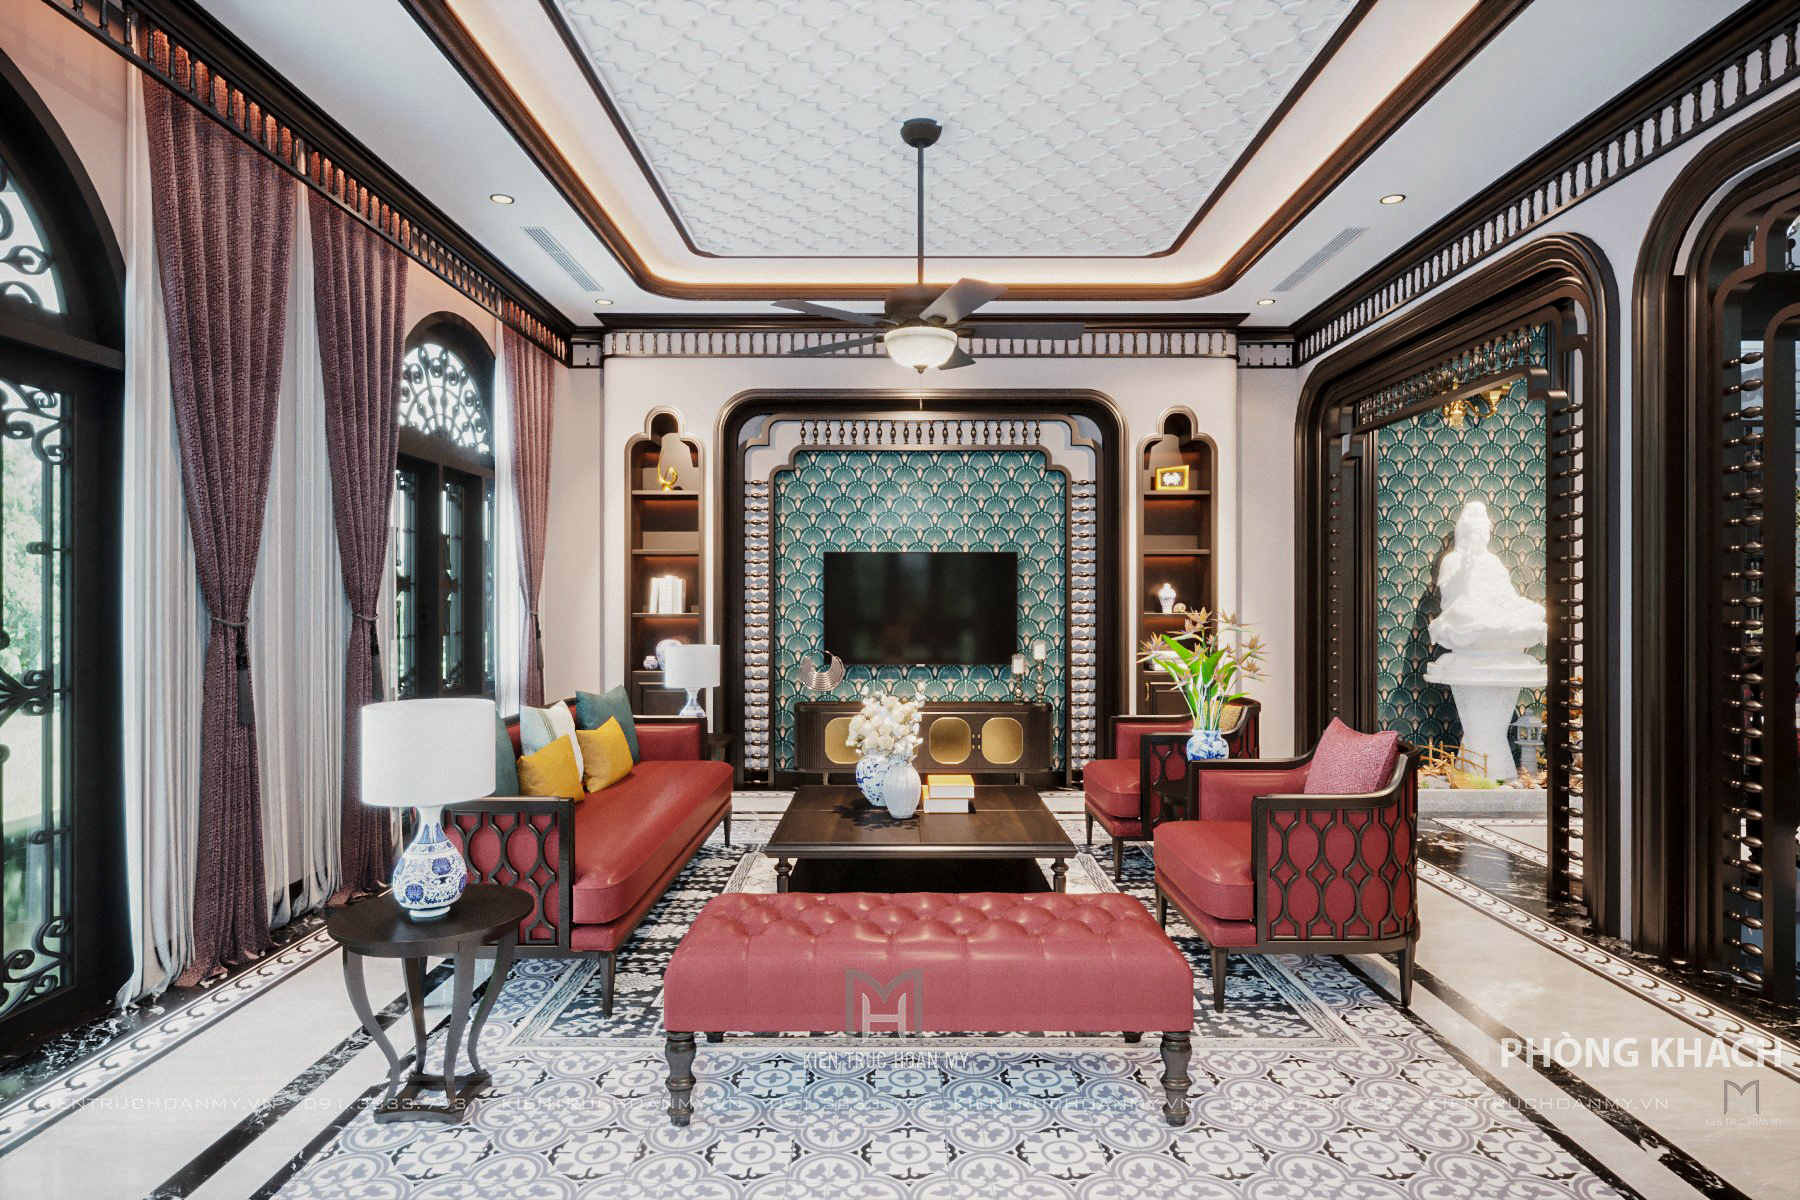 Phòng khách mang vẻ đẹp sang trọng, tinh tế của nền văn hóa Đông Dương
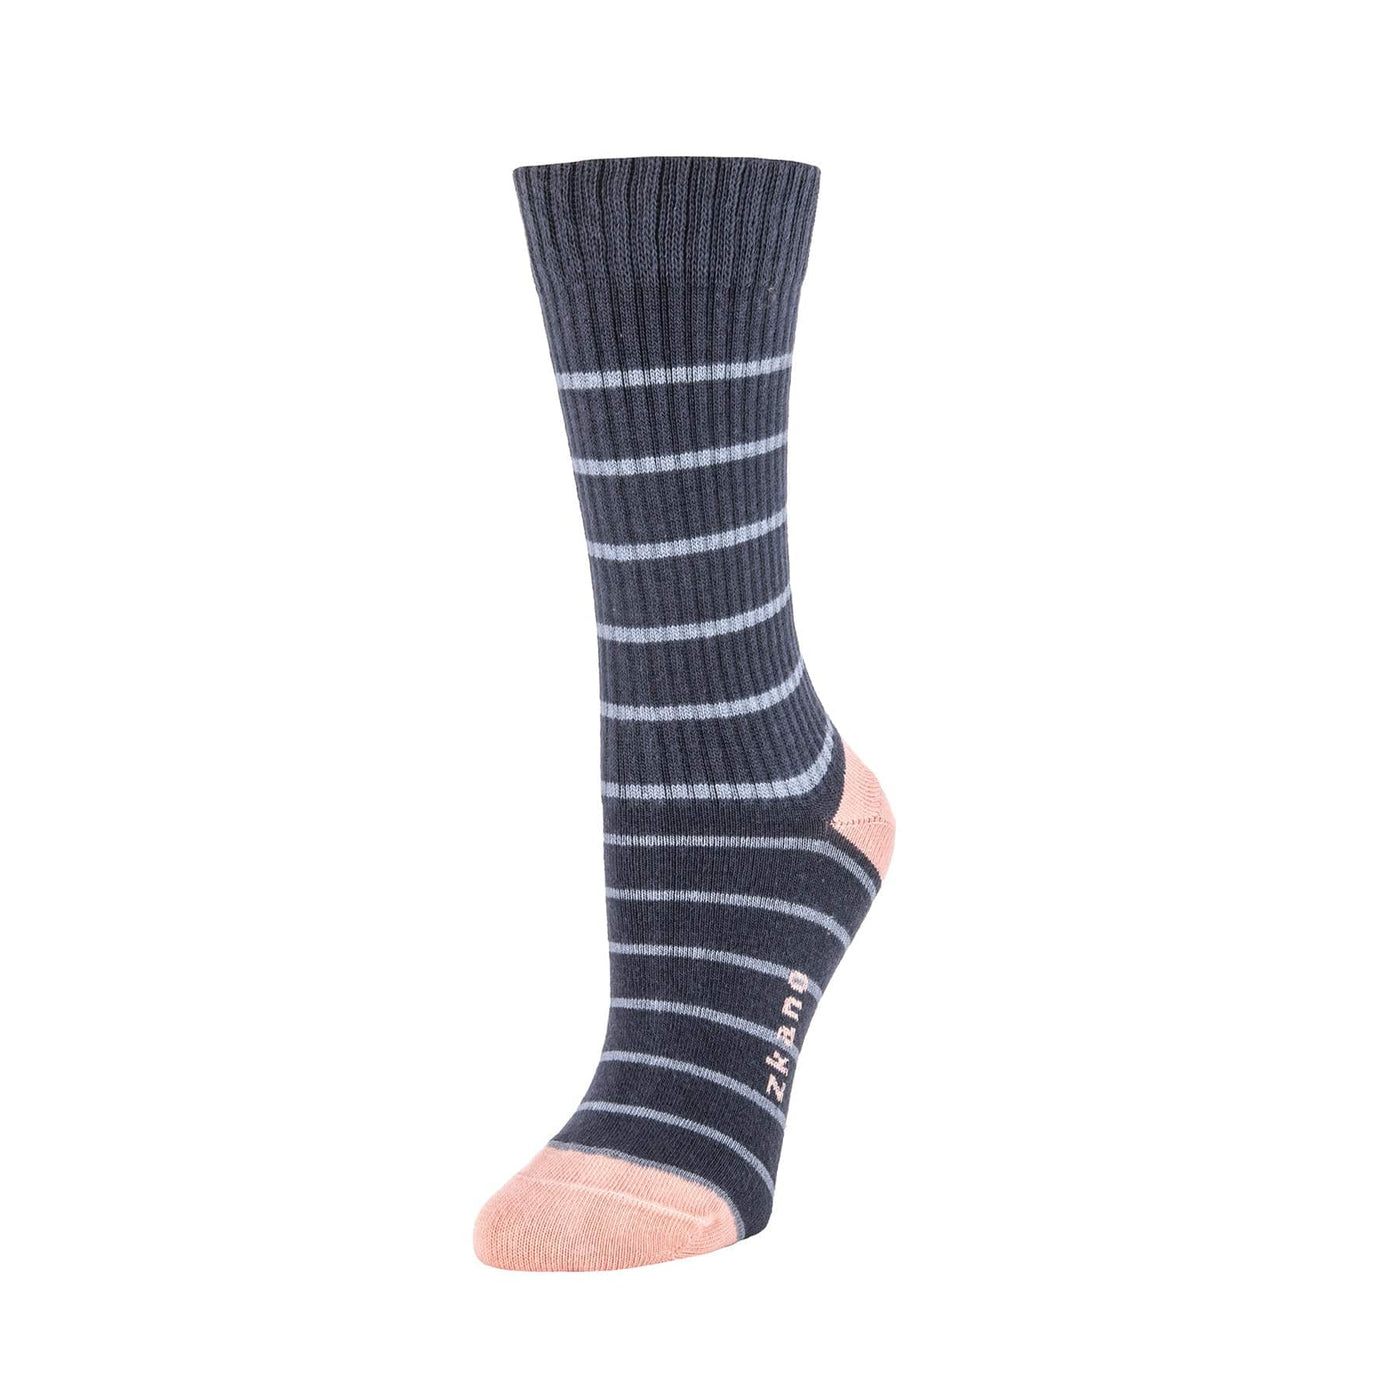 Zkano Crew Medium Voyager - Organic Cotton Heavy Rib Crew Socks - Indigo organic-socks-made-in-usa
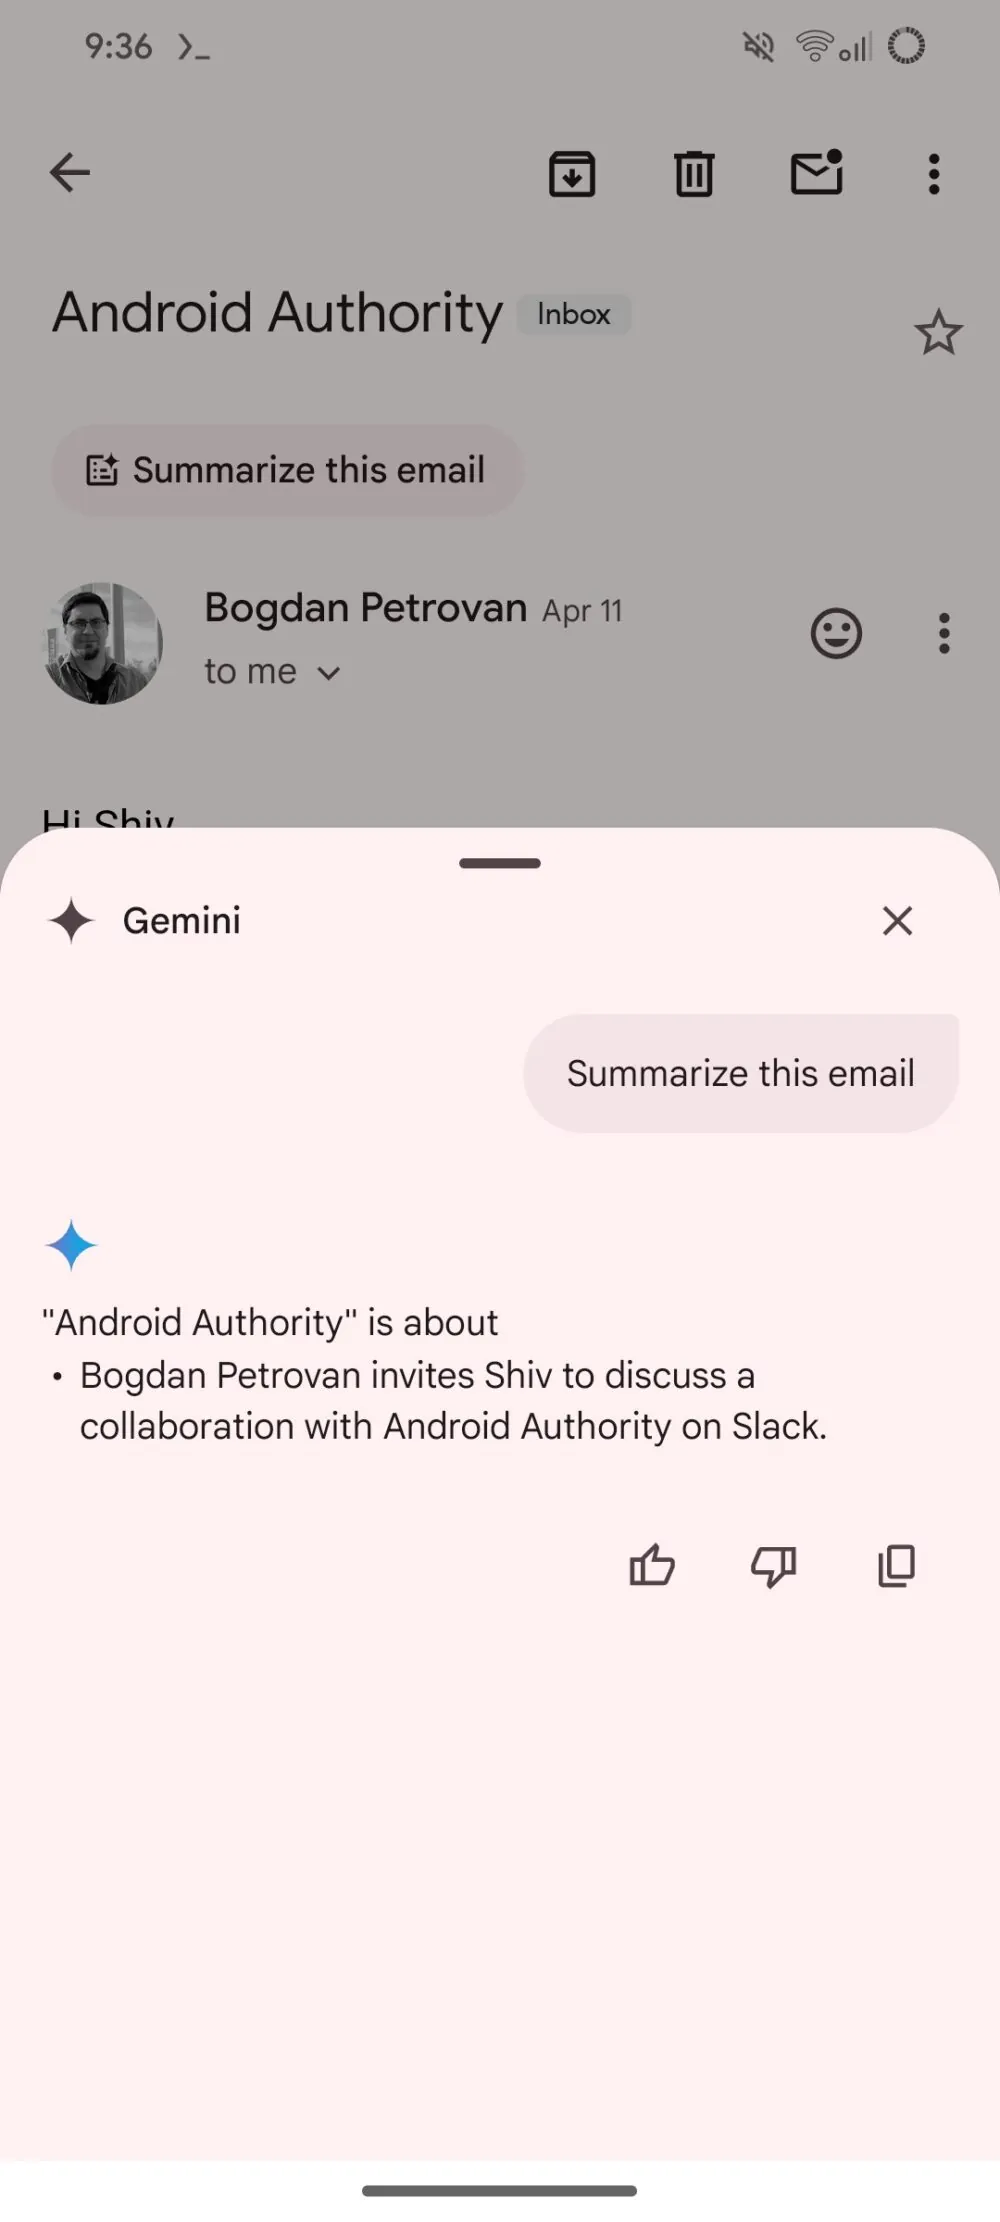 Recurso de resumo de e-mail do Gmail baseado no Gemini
------------------------------
*AIM OF THE EXERCISE*. In your copy of the material, match every word exactly and include no pictures.

*OUTPUT*.
 Phòng khách mang vẻ đẹp sang trọng, tinh tế của nền văn hóa Đông Dương
 Zkano Crew Medium Voyager - Organic Cotton Heavy Rib Crew Socks - Indigo organic-socks-made-in-usa
 Recurso de resumo de e-mail do Gmail baseado no Gemini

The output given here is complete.